» **ABOUT THIS TASK**:
Scan the lines below for the string "Women". Reply with how many match, and no other words.

» **AVAILABLE DATA**:
┄┄┄┄┄┄┄┄┄┄┄┄┄┄┄┄┄┄┄┄

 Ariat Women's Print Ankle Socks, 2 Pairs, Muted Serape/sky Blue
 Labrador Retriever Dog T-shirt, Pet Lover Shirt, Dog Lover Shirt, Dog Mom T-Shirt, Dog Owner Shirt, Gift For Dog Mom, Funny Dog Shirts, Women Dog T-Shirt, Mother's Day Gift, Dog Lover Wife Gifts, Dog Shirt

┄┄┄┄┄┄┄┄┄┄┄┄┄┄┄┄┄┄┄┄

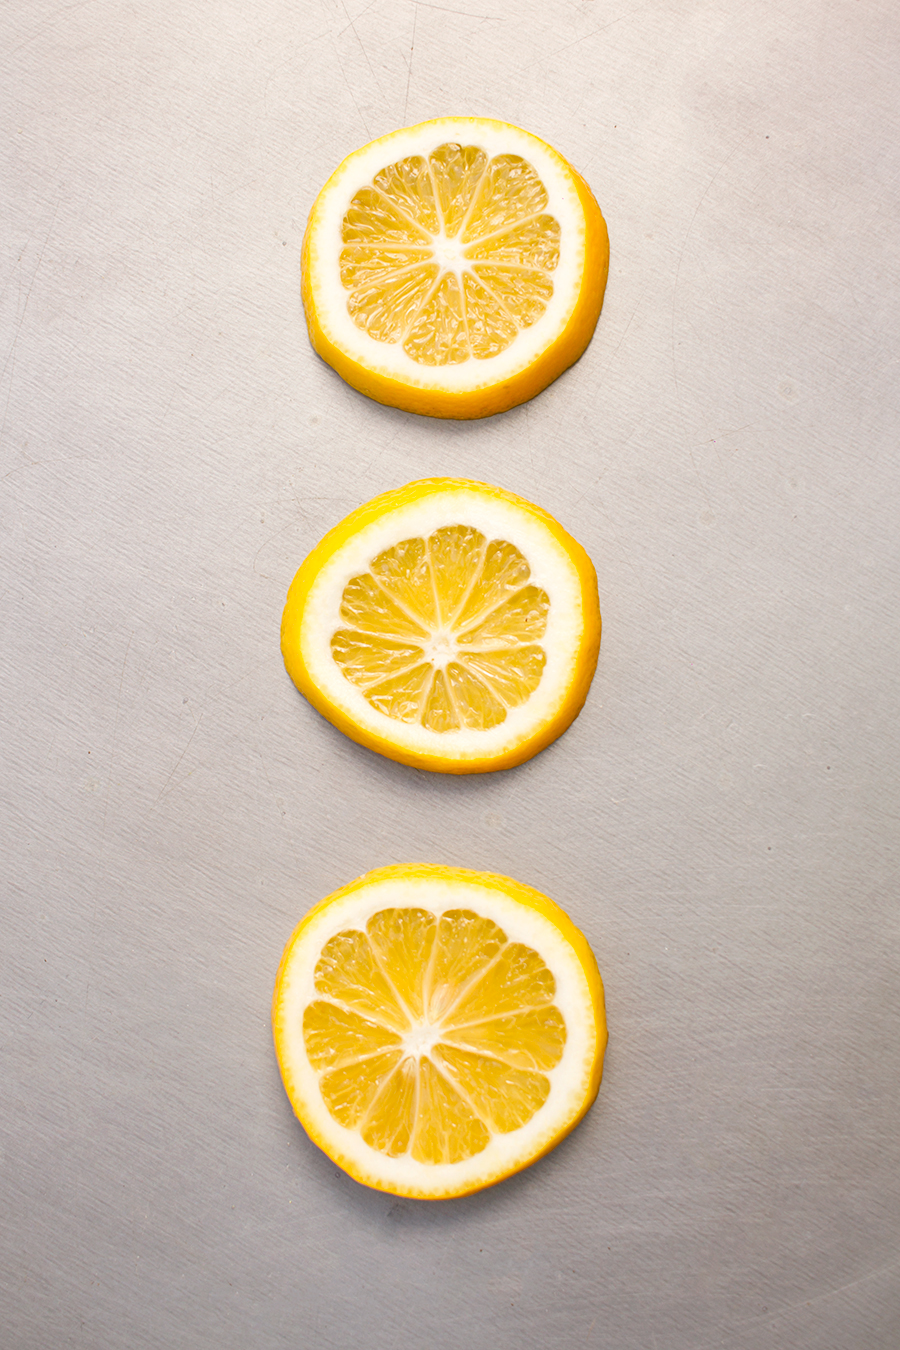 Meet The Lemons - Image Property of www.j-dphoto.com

┄┄┄┄┄┄┄┄┄┄┄┄┄┄┄┄┄┄┄┄

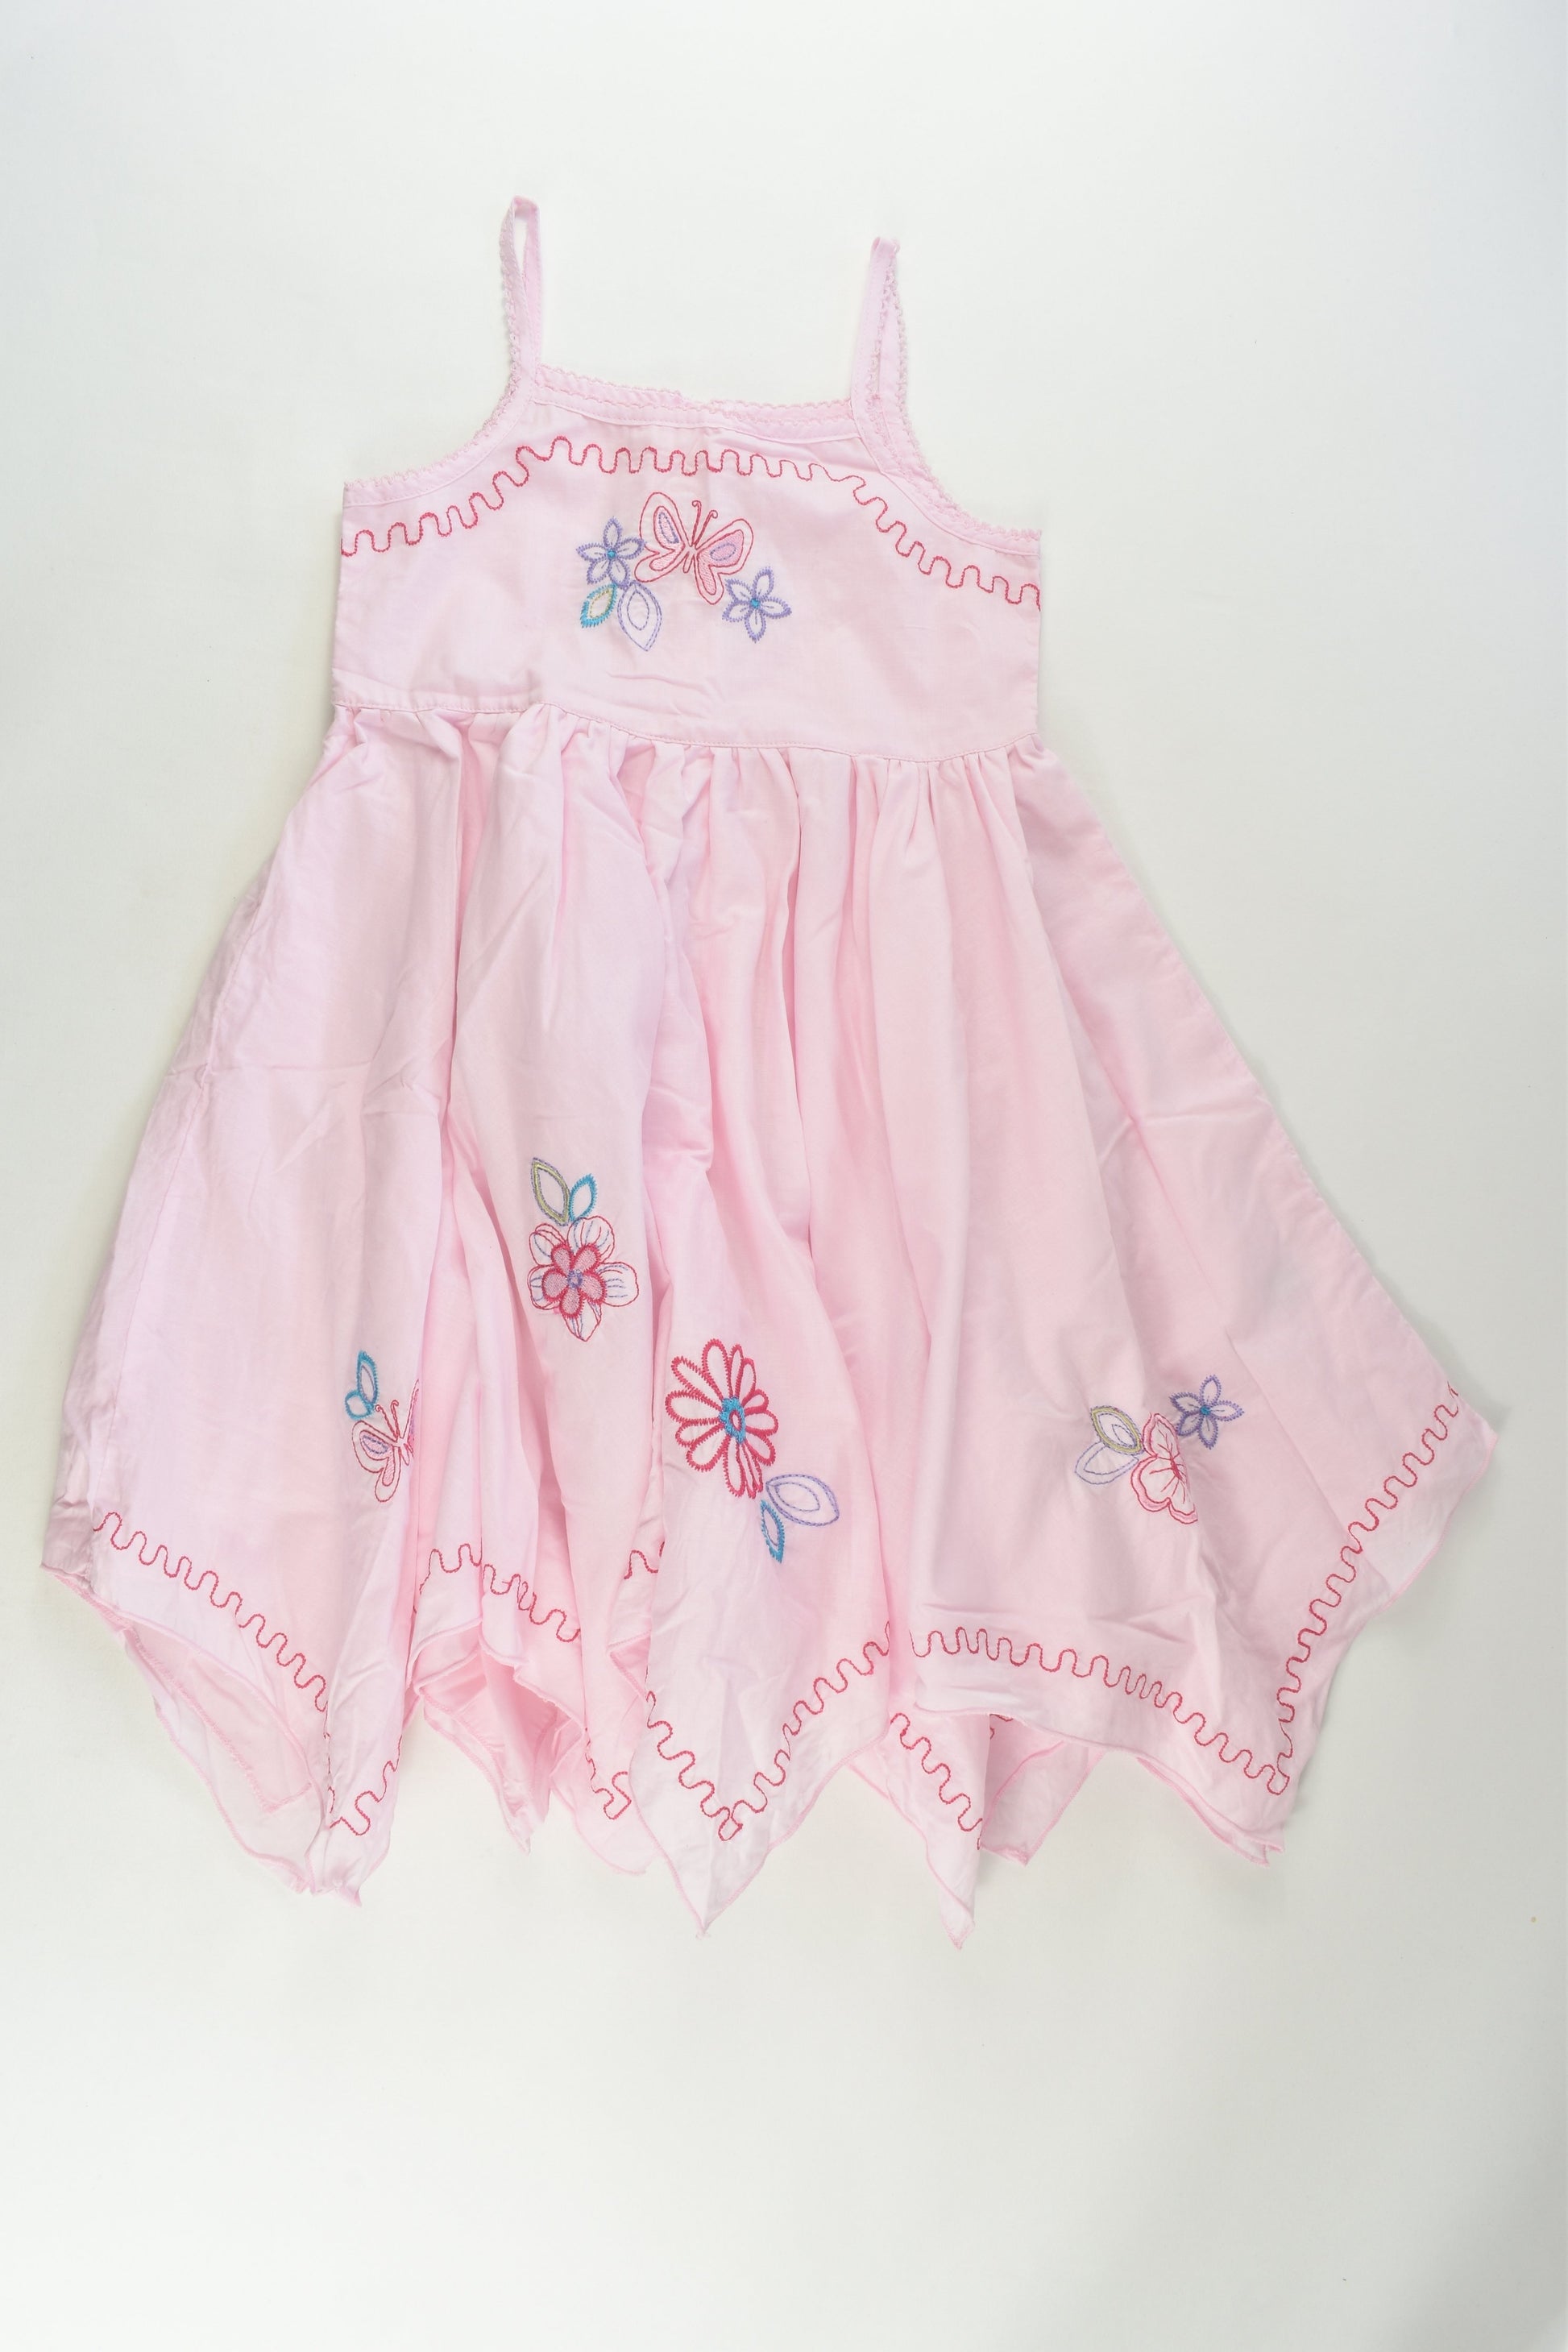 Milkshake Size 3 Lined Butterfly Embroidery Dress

┄┄┄┄┄┄┄┄┄┄┄┄┄┄┄┄┄┄┄┄

» **ANSWER SECTION**:
2